Jozef Klaassen

Personal information
- Full name: Jozef Franciscus Hendrikus Klaassen
- Nationality: Dutch
- Born: 5 March 1983 (age 43) Thames, New Zealand
- Height: 199 cm (6 ft 6 in)
- Weight: 96 kg (212 lb)

Medal record
Men's rowing
Representing Netherlands
World Championships
| Bronze medal – third place | 2009 Poznań | Eight |

= Jozef Klaassen =

Dutch rower

Jozef Franciscus Hendrikus Klaassen (born 5 March 1983 in Thames, New Zealand) is a rower from the Netherlands.

Klaassen qualified for the 2008 Summer Olympics in Beijing with the Dutch eights forming a team with Olaf van Andel, Rogier Blink, Meindert Klem, David Kuiper, Diederik Simon, Olivier Siegelaar, Mitchel Steenman and cox Peter Wiersum.

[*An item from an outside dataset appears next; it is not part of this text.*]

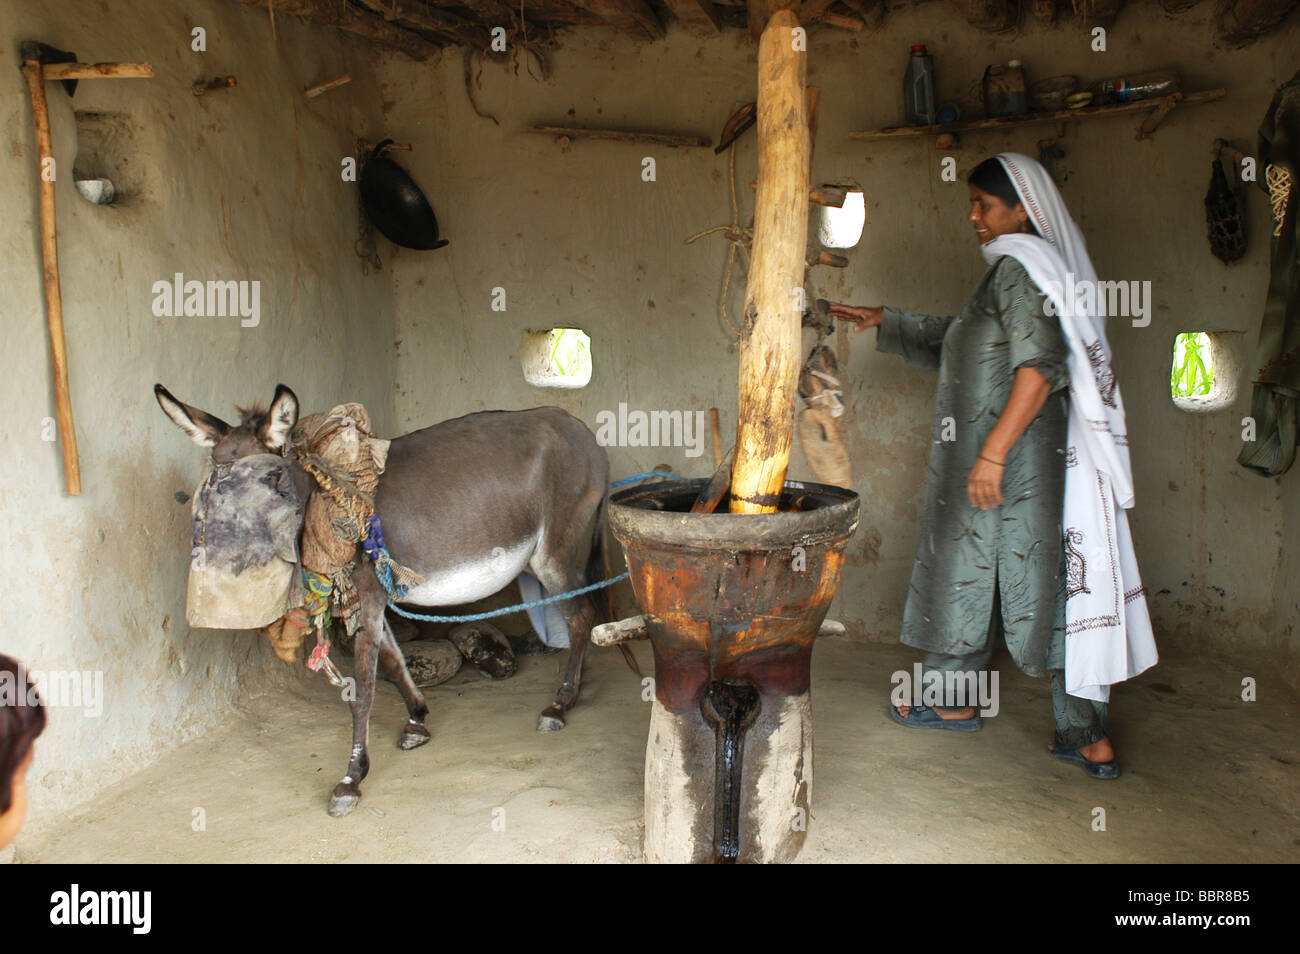 Churning milk to make butter and cheese using a mule with a bag over its eyes in a mud hut Stock Photo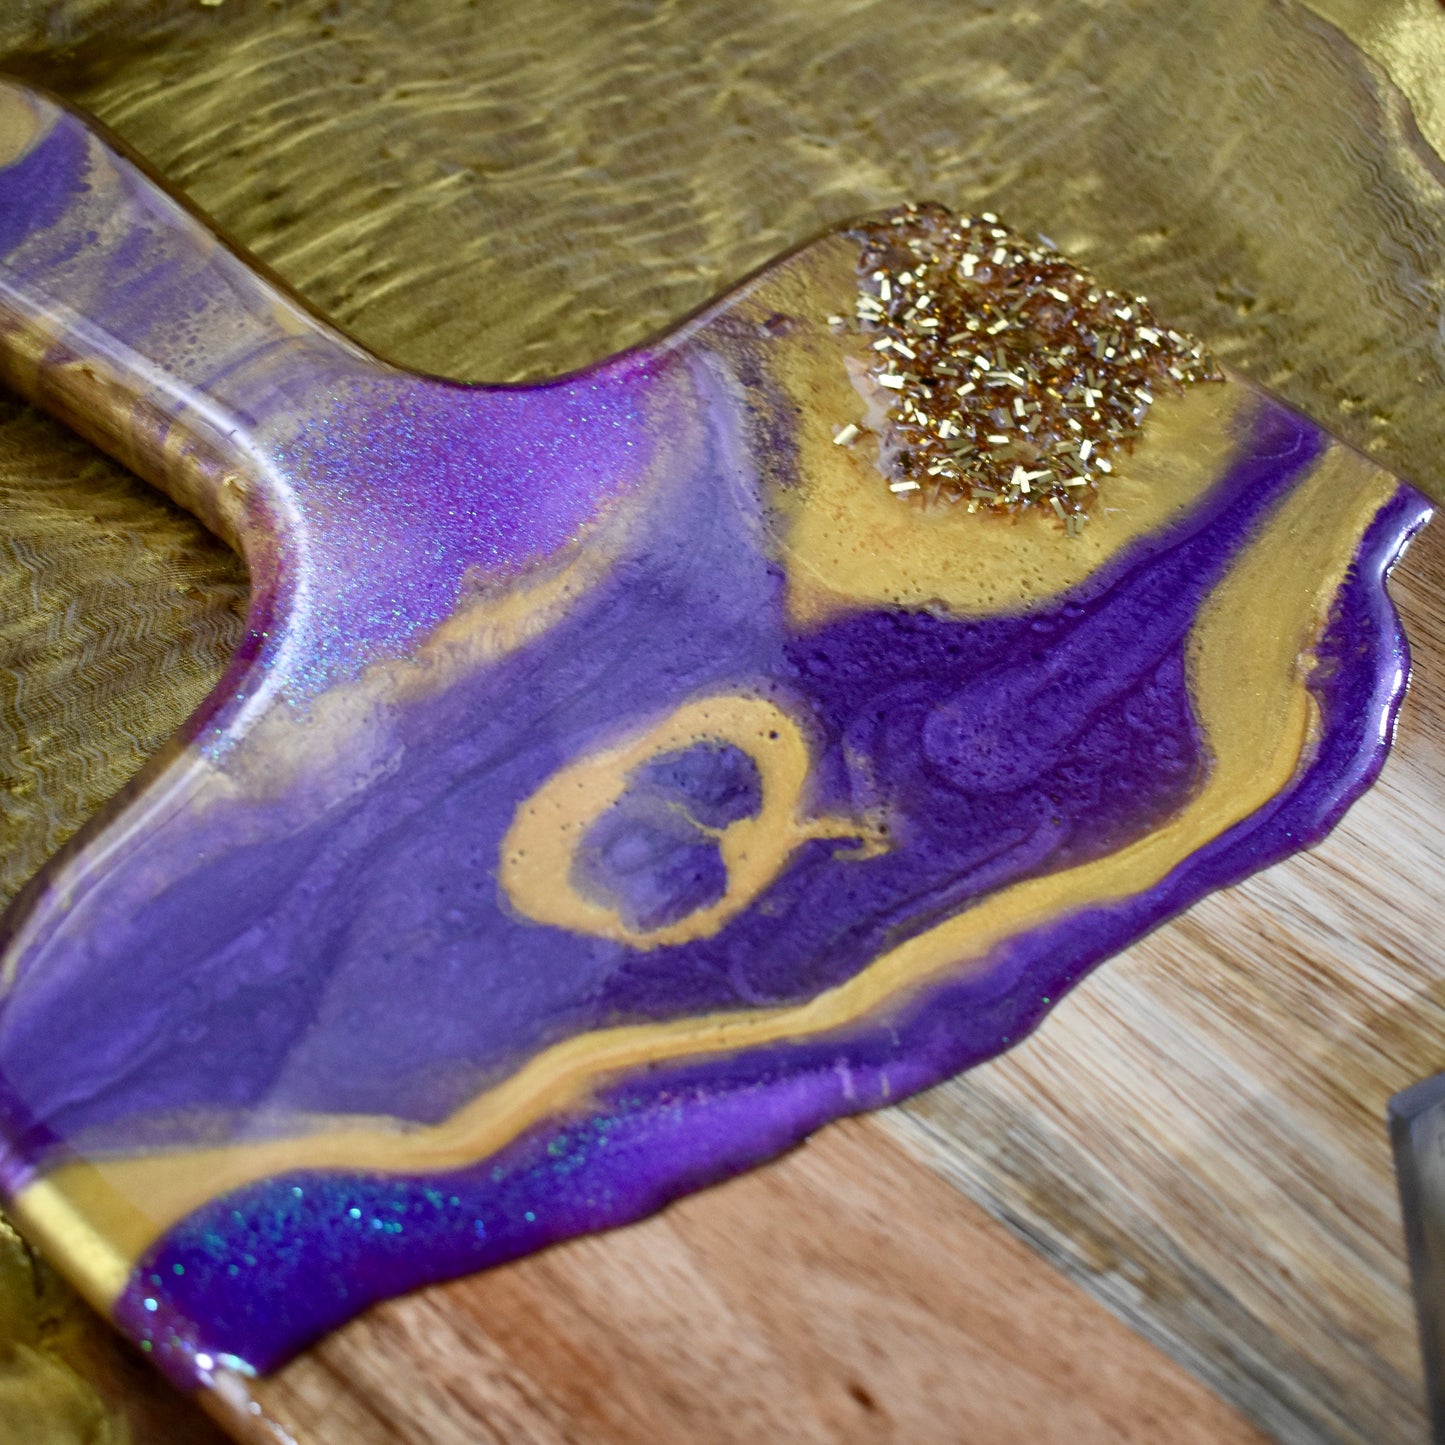 Purple & Gold Cheese Board Set - Fraternity Gift - Cheese Board Paddle - Charcuterie Gift Set – Wooden Cutting Board - Housewarming Gift

Due to an injury Siegelaar was replaced by Reinder Lubbers during the tournament, where the Dutch finished in 4th place. He competed for the Dutch men's eight again at the 2012 Summer Olympics where they finished in 5th place.

Klaassen is 6 ft 6 in tall. An investment banker, he was a student of Boston University in Finance and Economic, from which he took a sabbatical for a year to train and compete in the Olympics.

His parents are Dutch, which allowed him to row for the Dutch team, although he rankled Dutch fans when he told a New Zealand paper "I'm a Kiwi."